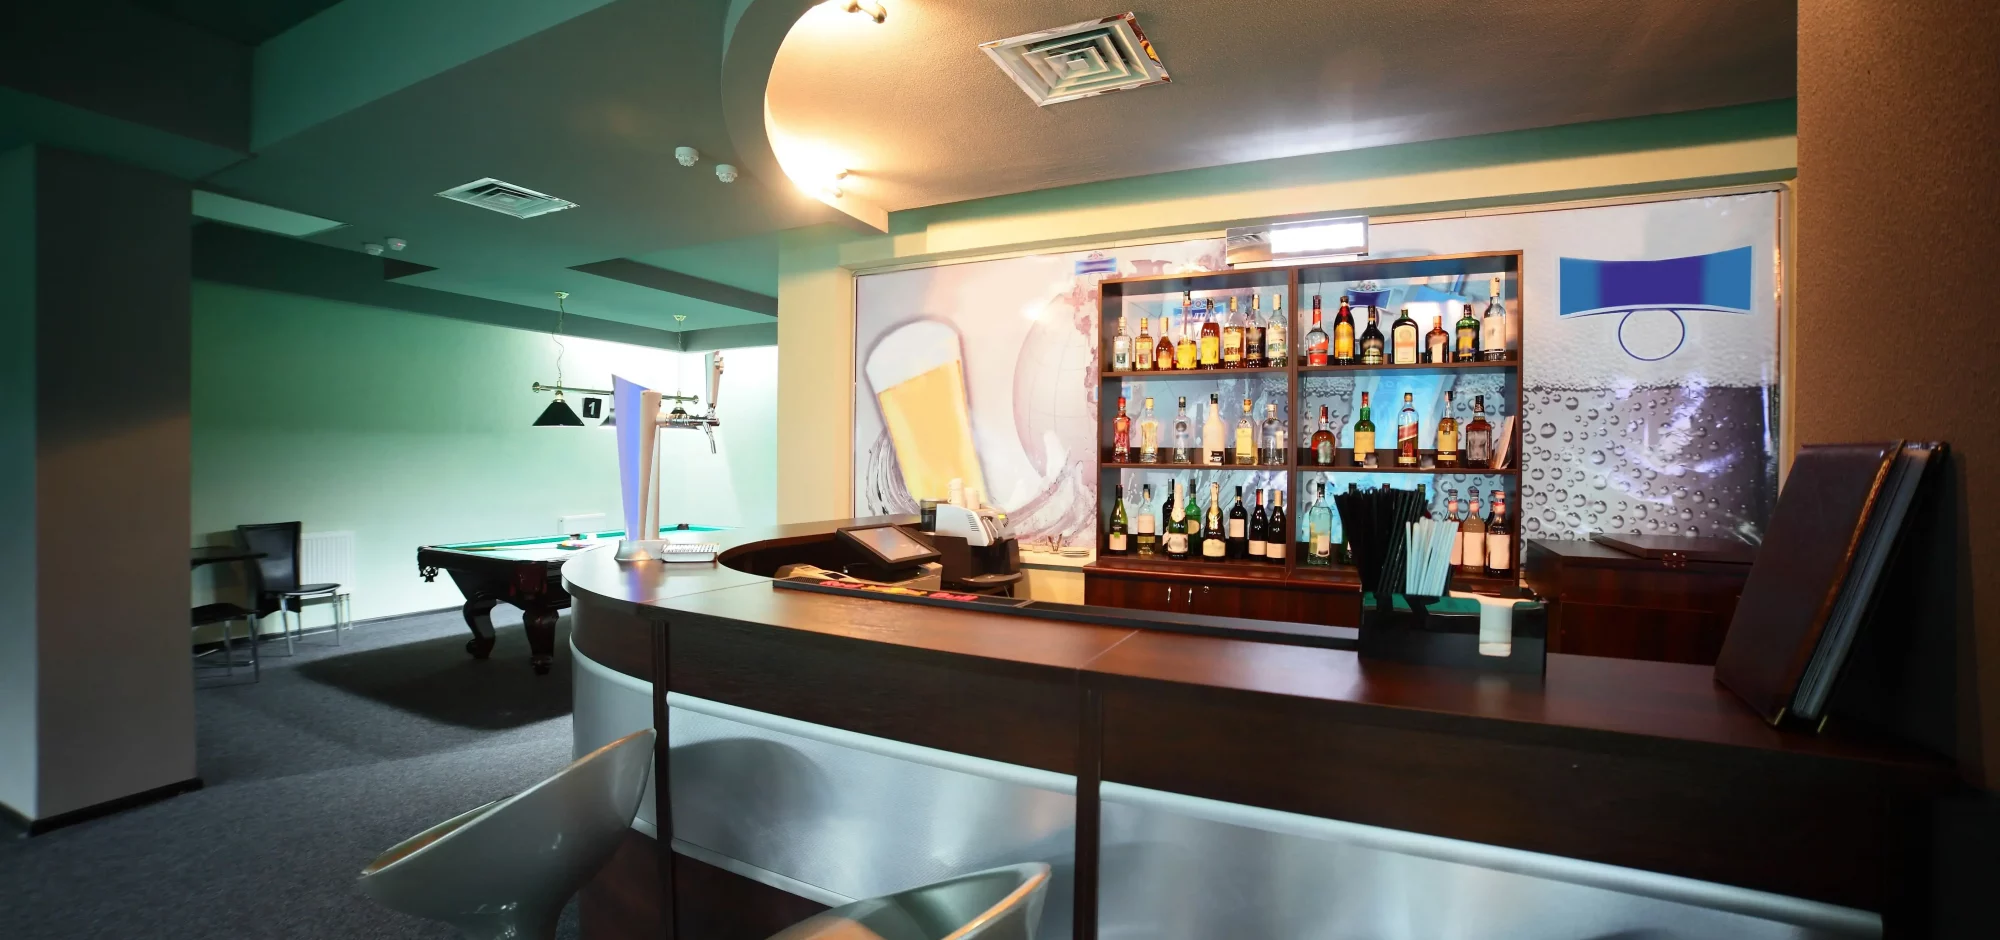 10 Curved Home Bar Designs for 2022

----------------------------------------

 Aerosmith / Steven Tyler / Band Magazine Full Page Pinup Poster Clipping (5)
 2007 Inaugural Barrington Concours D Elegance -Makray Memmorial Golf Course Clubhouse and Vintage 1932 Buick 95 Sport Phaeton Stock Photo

----------------------------------------

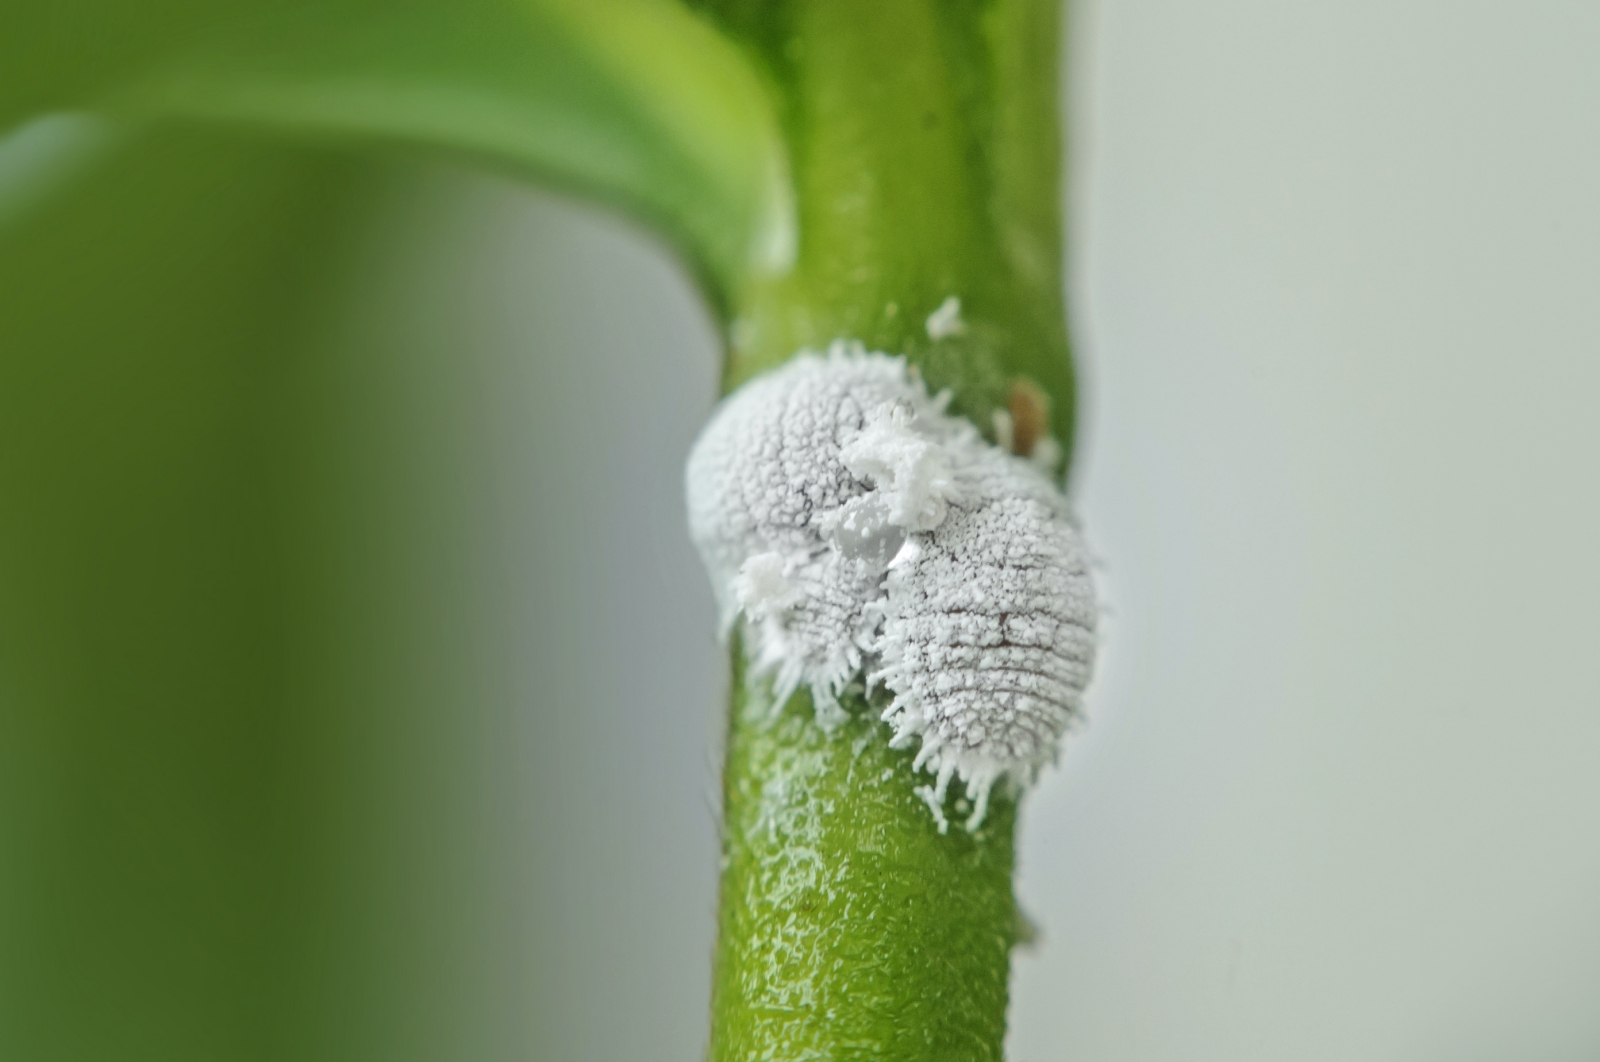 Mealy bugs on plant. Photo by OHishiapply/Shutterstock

----------------------------------------

= TO DO =
A verbatim transcription is needed of the lines above, starting at the line with "Aerosmith / Steven" and ending at the line with "2007 Inaugural Barrington", both included, and of nothing else.

= RESPONSE AREA =
 Aerosmith / Steven Tyler / Band Magazine Full Page Pinup Poster Clipping (5)
 2007 Inaugural Barrington Concours D Elegance -Makray Memmorial Golf Course Clubhouse and Vintage 1932 Buick 95 Sport Phaeton Stock Photo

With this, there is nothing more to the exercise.